From 1919 to 1922, Marc Chagall taught here in a Jewish orphan colony. In the late 1920s, the sixth Lubavitcher rebbe spent three weeks in Malakhovka, living in the house of a Lutheran woman who let Jews pray at her place.

In 1932, a synagogue was built near the house of a local Jewish activist, Noah Alterman. To circumvent Soviet-era restrictions on religious organizing, the building was registered as a “shed for household equipment.” Five years later the owner of the house was arrested and subsequently executed for “anti-Soviet activity.”

The synagogue became state property, and Malakhovka Jews continued to pray secretly.

“My father was a baker,” said Serafima Gorinova, an elderly participant in the synagogue’s opening ceremony. “There are several dozens Jews around us, and allegedly no KGB officers — though you never know, of course.”

Gorinova lowers her voice instinctively and leans down to whisper in a reporter’s ear: “Half of Moscow Jews came here to buy his matzahs.”

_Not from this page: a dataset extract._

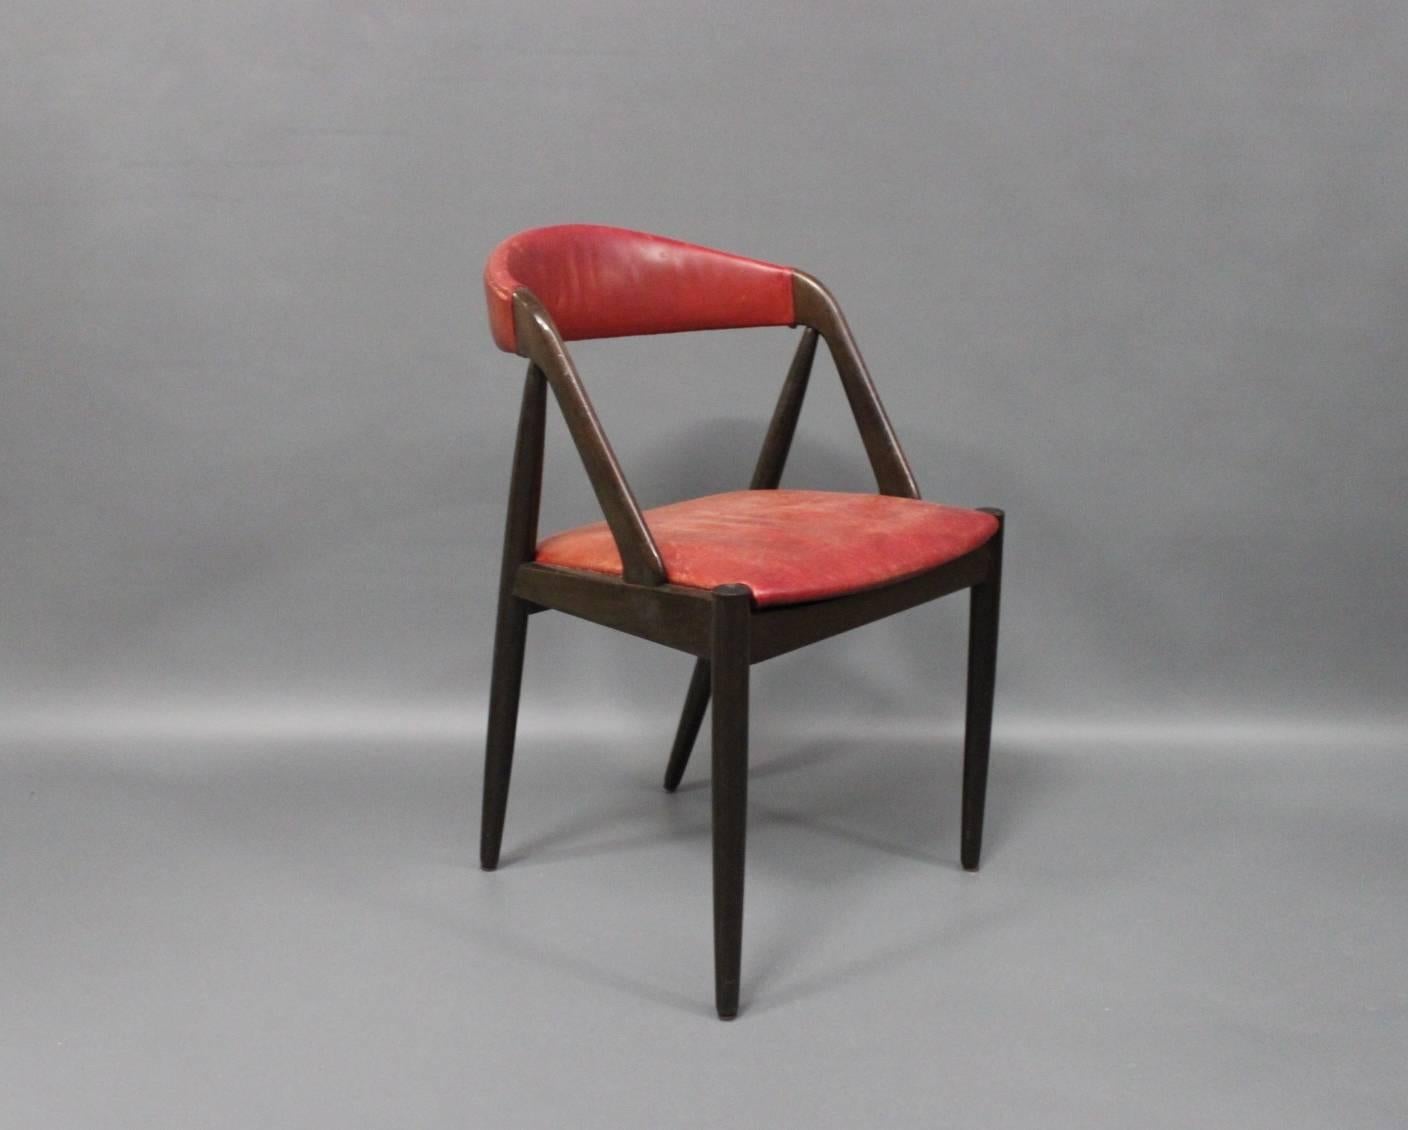 Scandinavian Modern Set of Four Dining Room Chairs, Model 31 by Kai Kristiansen, 1960s For Sale

In 1959 the synagogue was set ablaze for the first time. The Jewish community reconstructed the building in the 1970s, and in 2005 it became the community’s property. But just two months later the building was burned down again: A drug addict broke in looking for valuables and then set the house on fire to cover his tracks.

At the opening ceremony for the new synagogue, community head Aaron Kogan said, “I hope we’ll see as many people here each Shabbat as we see now.”

That’s unlikely: Shabbat services in the old synagogue typically attracted 20 to 30 worshipers, with the average age of participants being well over 60.

Asked whether he attends services at the synagogue, Glimcher said, “I was once awarded the best school director prize for organizing atheistic propaganda at school. But I will go there. Life is full of wonders.”